Giusi Greta Di Cristina, candidata del Partito Comunista e della Lista Civica Torino Città Futura, sostiene: "Ho fiducia nella scienza e nei vaccini, pur non potendo non constatare come la geopolitica si sia inserita nelle decisioni del Governo, per esempio attraverso i brevetti. Per quel che concerne il green pass penso che non sia uno strumento che determini la sicurezza sanitaria, dato che è dimostrato che la carica virale si abbassa col tempo e che cambia da soggetto a soggetto. Sono convinta che si debba insistere sulla possibilità di poter accedere ai tamponi rapidi e salivari in forma gratuita per consentire un controllo più esteso e continuo senza gravare ulteriormente sui cittadini".

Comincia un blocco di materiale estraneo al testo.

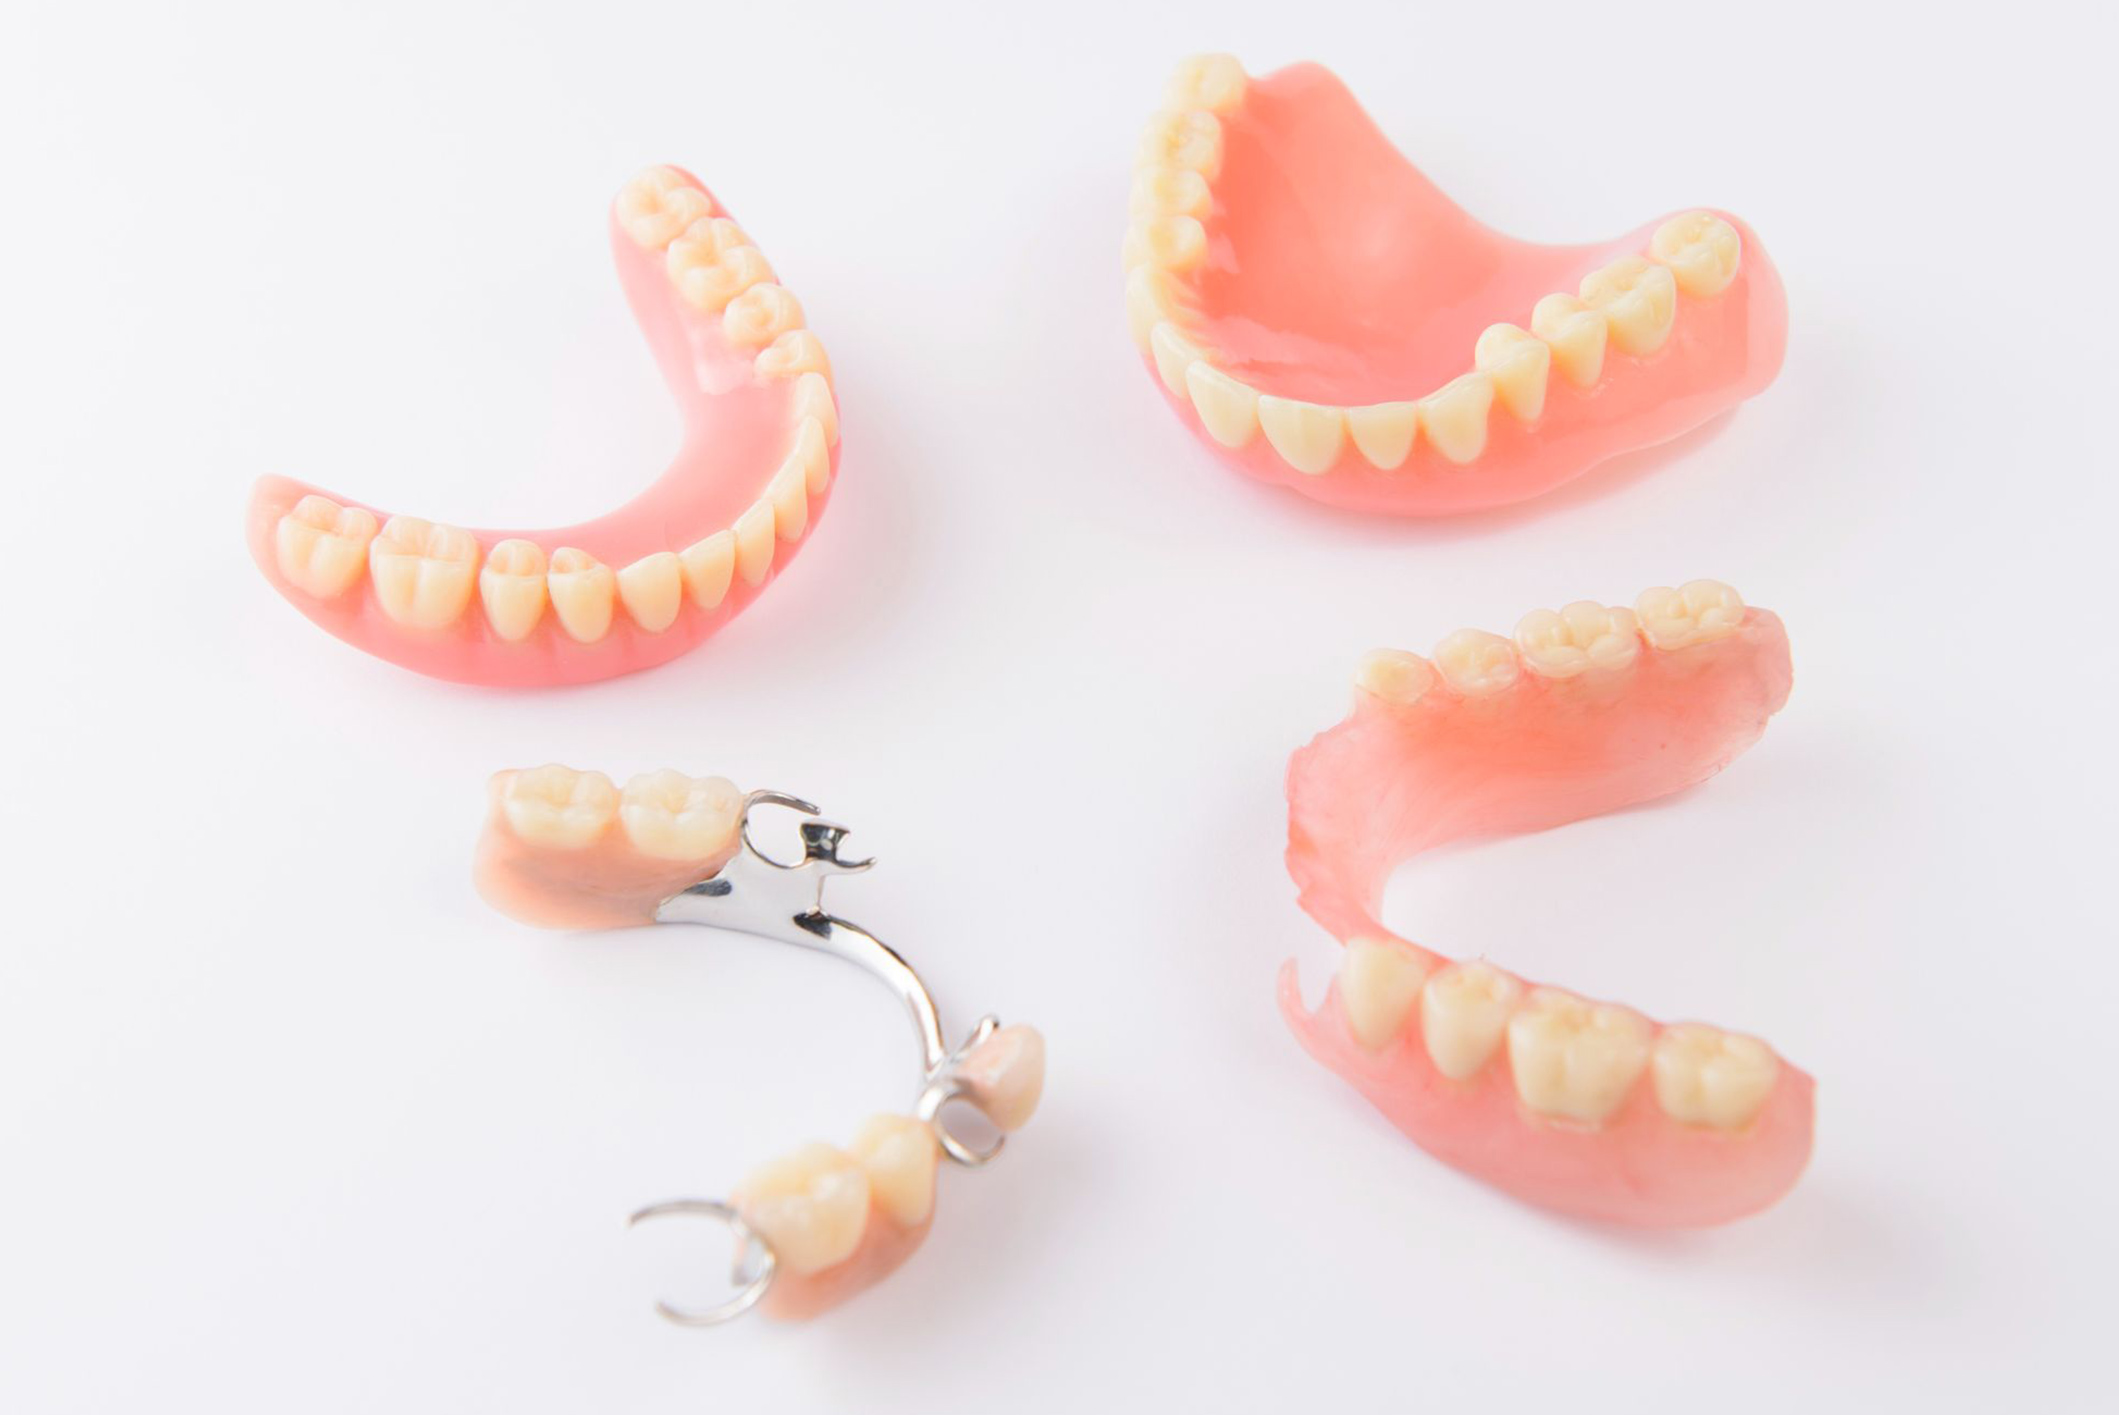 Dentures and Dental Implants
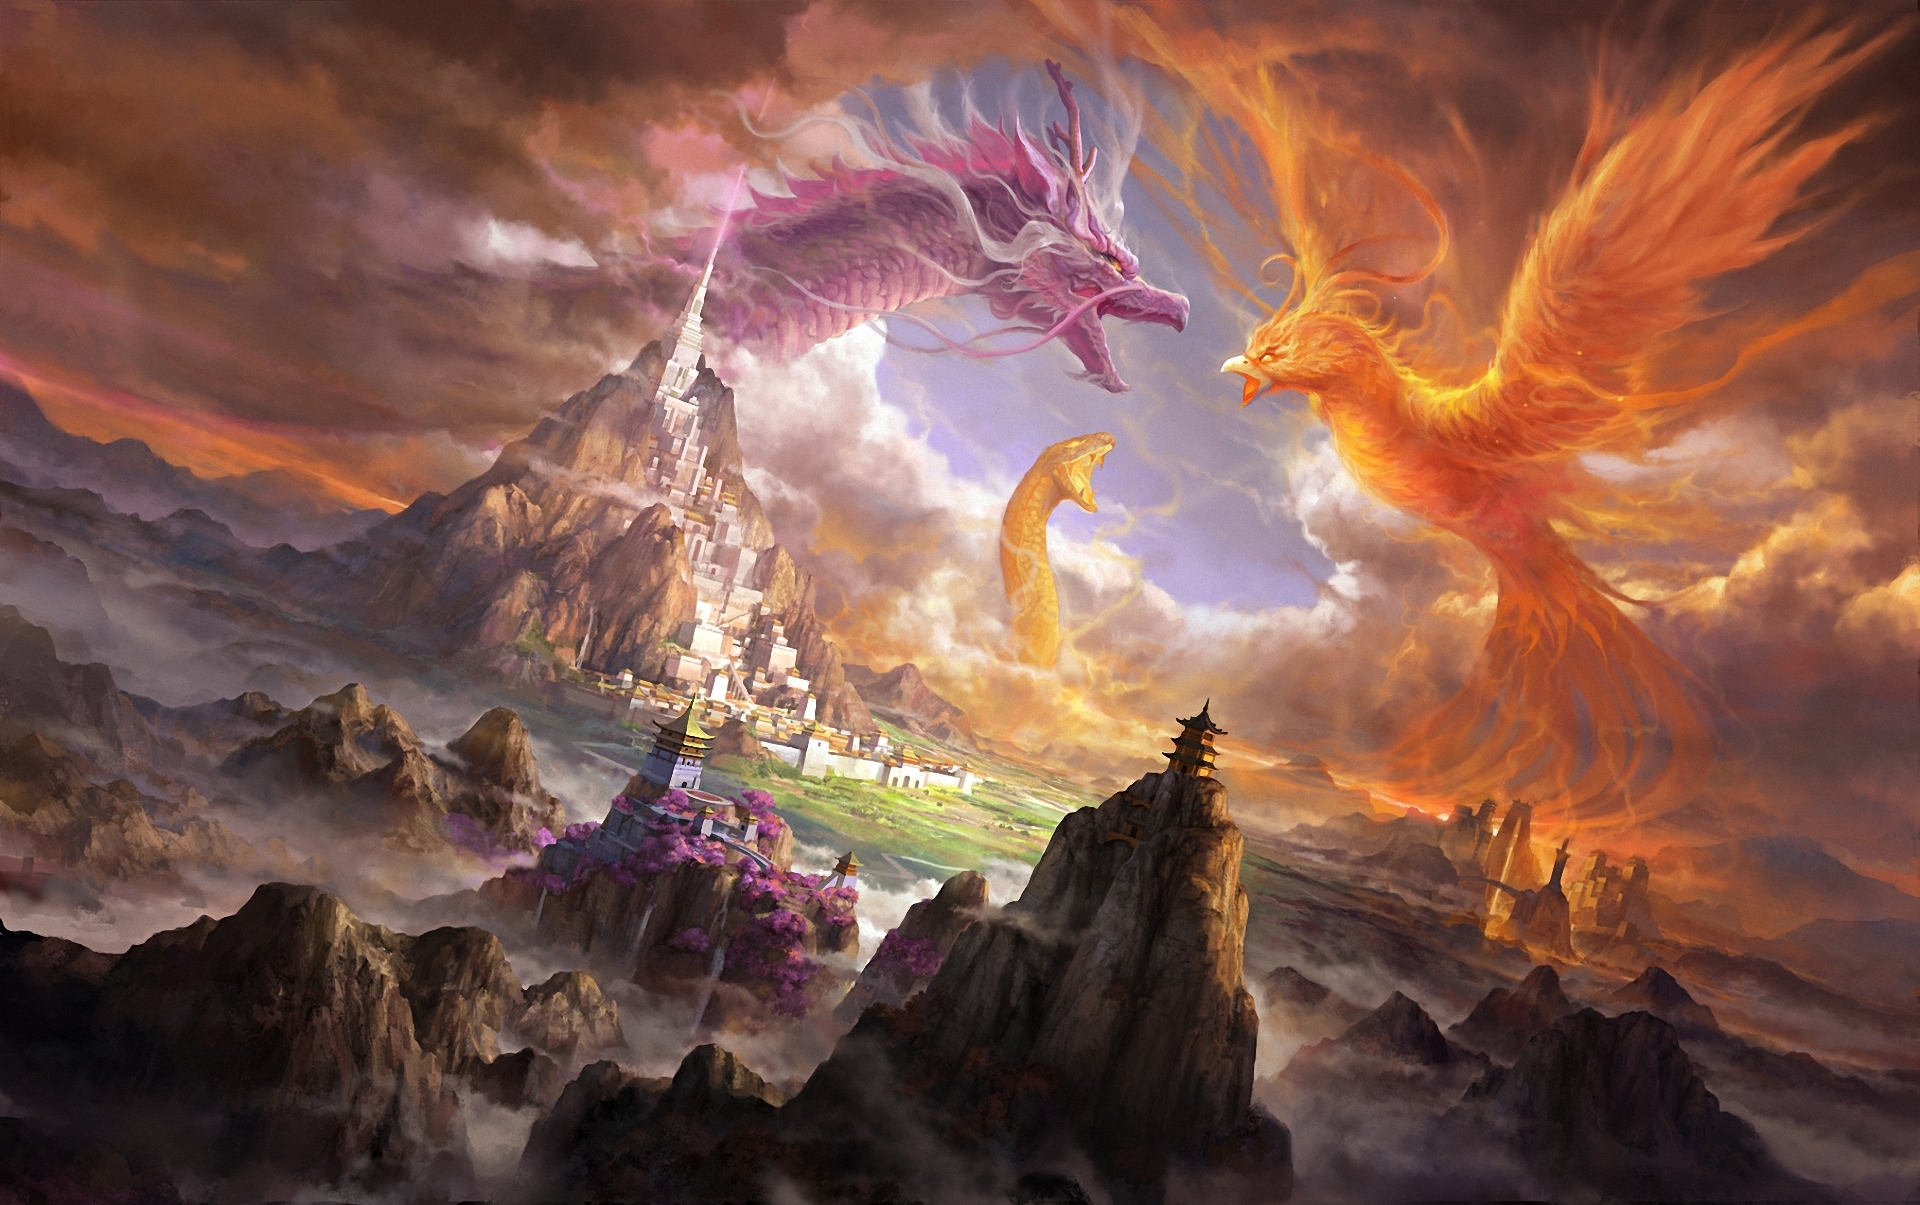 Giant dragon, phoenix and snake battling by molybdenumgp03

"In merito al tema dell’obbligo vaccinale siamo fermamente contrari, noi siamo per una libertà di scelta per il vaccino", dichiara Ivano Verra di Italexit, "In merito al Green pass siamo contrari perché non è un documento che possa effettivamente migliorare la situazione sanitaria, ma si presenta come un documento di controllo del sistema". 

"La mia opinione personale non conta. Io ho fatto la scelta di vaccinarmi, ma è una mia scelta", spiega Davide Betti Balducci, candidato sindaco del Partito Gay, "I candidati sindaci che si dicono favorevoli o contrari a obbligo vaccinale o green pass prendono in giro la gente perché da sindaci nulla potrebbero fare a favore o contro". 

Ugo Mattei, candidato sindaco per la lista Futura, ritiene il green pass una 'bestemmia costituzionale': "lo Stato che ricatta i suoi cittadini, fosse pure per le ragioni più nobili del mondo è uno Stato autocratico,  profondamente incostituzionale. La verità è che pur di controllare la popolazione con strumenti informatici nell' interesse dei grandi gruppi globali, le nostre istituzioni hanno perso ogni dignità politica. Quanto all' obbligo vaccinale per il siero anti Covid 19, siamo molto fuori dai paletti costituzionali fin qui rispettati. È presto per dire cosa succederà anche se purtroppo con le istituzioni di garanzia che ci ritroviamo e il regime di conoscenza violento che si sta imponendo non è difficile immaginarlo".